Very sad if you ask me.
This really narks me too, if it's not your news don't share it. And the thing with angels and shit (especially about celebrities) we all grieve about lost loved ones and your grief is no worse than anyone else's, these people really need to get over themselves.
I felt awful for my friend when someone did this to her (though she's far too nice to call people out on such behaviour). I know she had a very tough birth, however her partner did send out a brief text to say baby had arrived. Obviously they had more on their mind than to update Facebook, however some attention seeker decided to do it for them straight away.
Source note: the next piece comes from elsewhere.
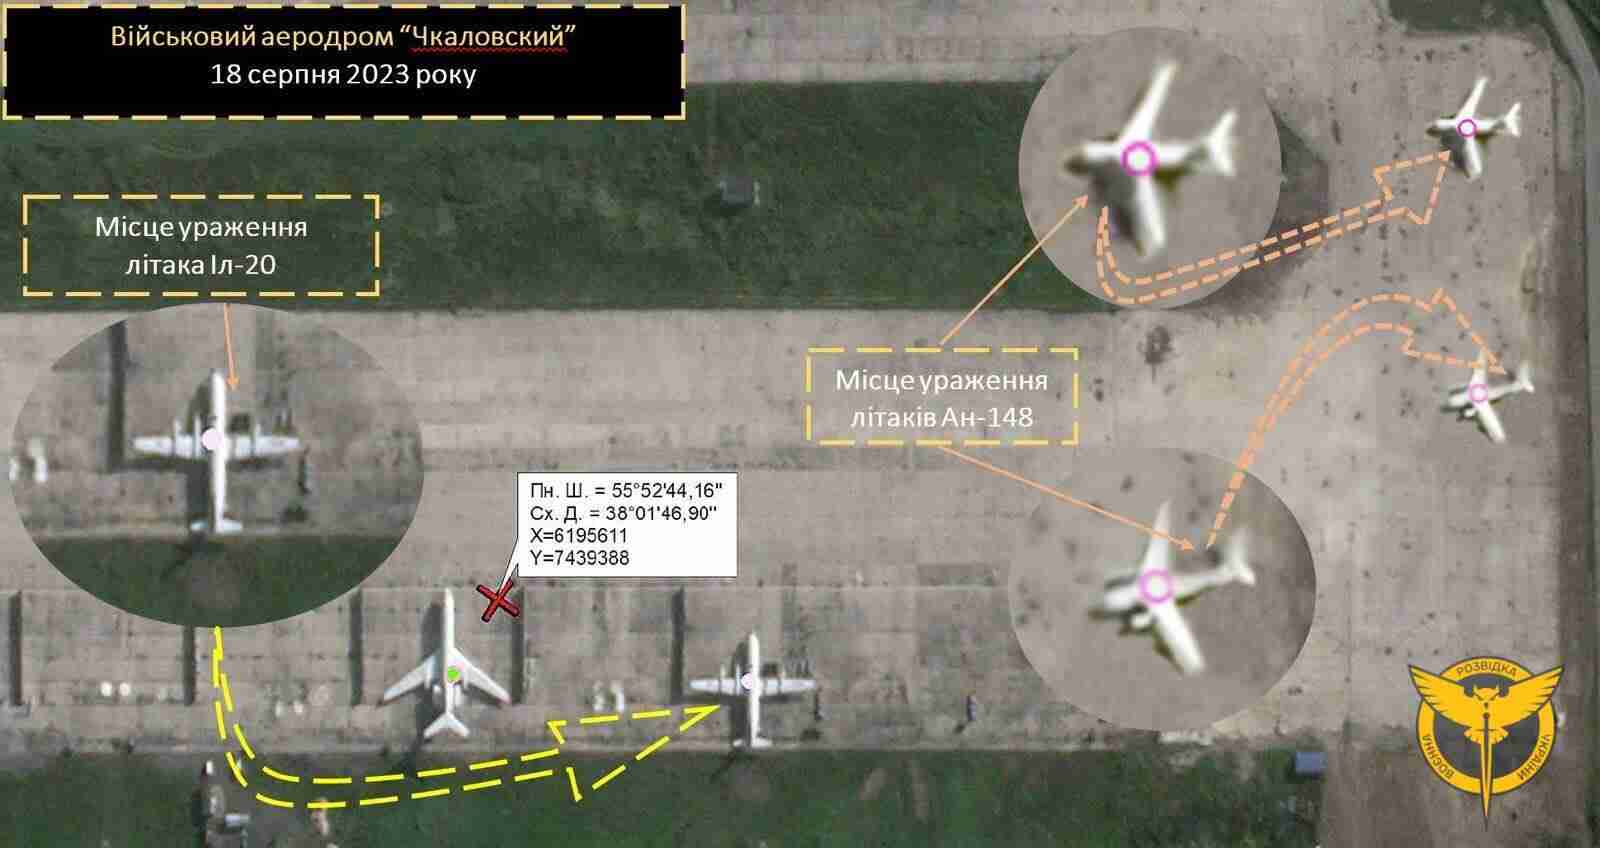 Диверсанти підірвали два літаки та гелікоптер на аеродромі у Підмосковʼї - ГУР (ФОТО)
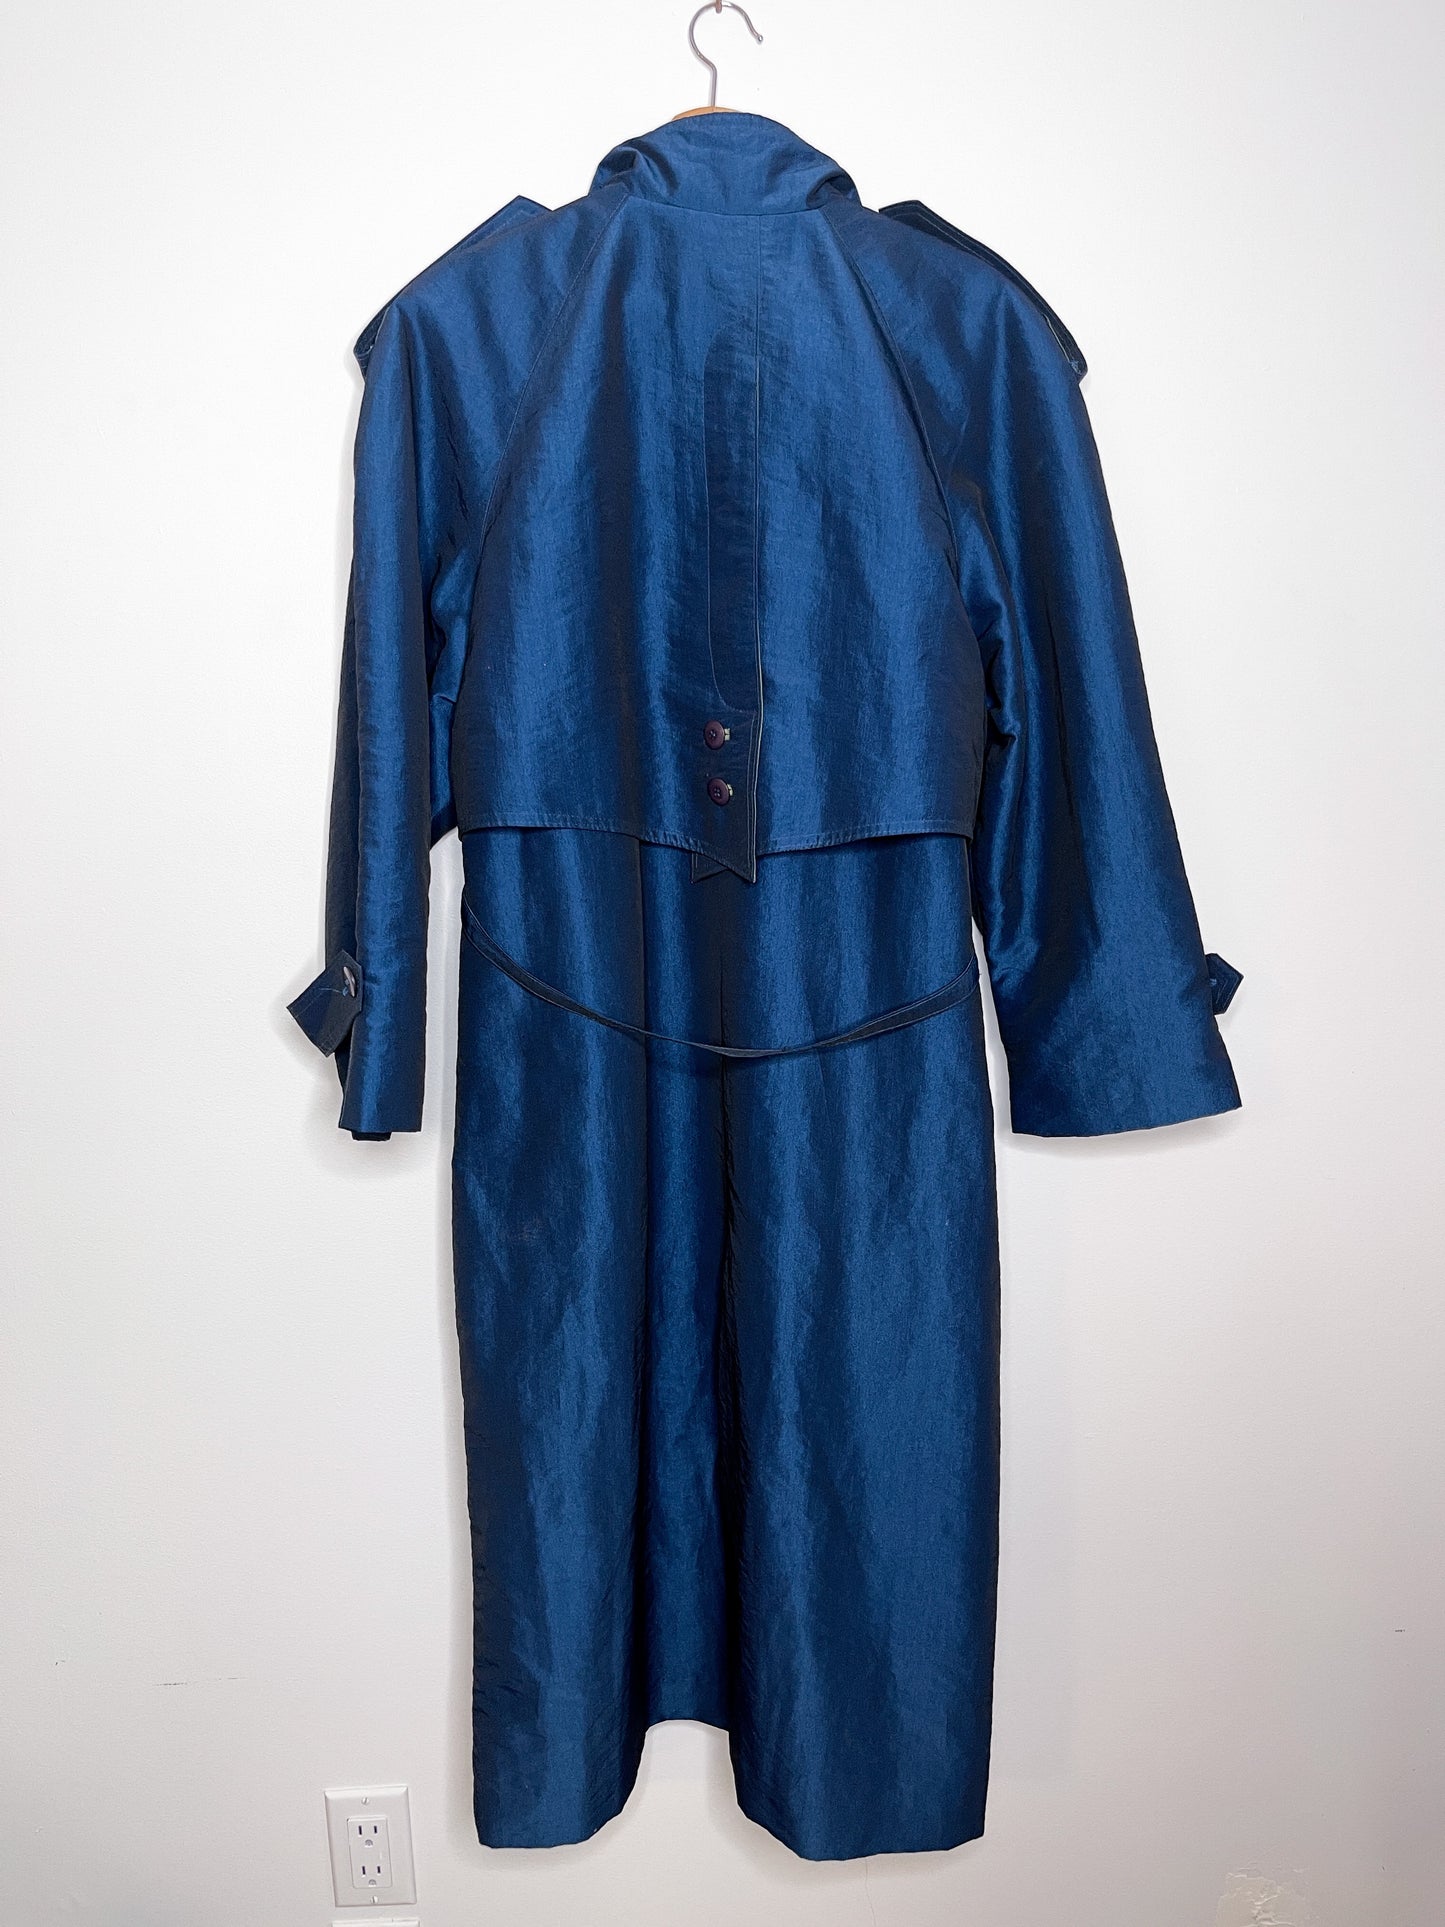 Vintage Collection Elegant Blue Trenchcoat

When our child was born, we specifically asked those we rang/texted not to put their own announcements up. It's awful some people need to be told not to, but then again some just live for attention.
YANBU. I feel the same about RIP comments and threads, it's saying to everyone that they have their finger on the pulse and they knew the exact second it was announced.
When our DD's due date was near, DH and I set our FB profiles so that we had to approve anyone posting on our wall, or anything we were tagged in from appearing on our wall. We had at least one congratulations message before we posted our own announcement, so I'm glad we did!
I think it's even worse when its a message regarding someone's death.
Stealing the spotlight from someone is one thing.
In effect telling people very close to someone that they have died through FB is just SHIT. Have they even thought about how upsetting it will be for all those concerned to learn about it in such an impersonnal way?
I was really cross when my BIL put up an FB post saying something about about 'exciting family news' when we told them I was pregnant with DC1.
We were recently married and you didn't need to be Sherlock to work out what it meant.
The fact that I had already had one mc and was waiting till my 2nd scan to tell the world didn't occur to him.
Then when we had our 2nd DC he did it again!
DH was on the phone to him within minutes to tell him to remove it and when he said we were party poppers - he was just excited and wanted to share the news DH had to point out that it wasn't actually his news to share.
The thing that annoyed me is that he isn't stupid, in fact far from it, he is a really really intelligent man, with children of his own.
I was tempted to announce the birth of their third child before them but I couldn't be that cruel (also I was on holiday with no phone because DS had dropped it in the bath)
Some people don't think further than their own feelings when using social media.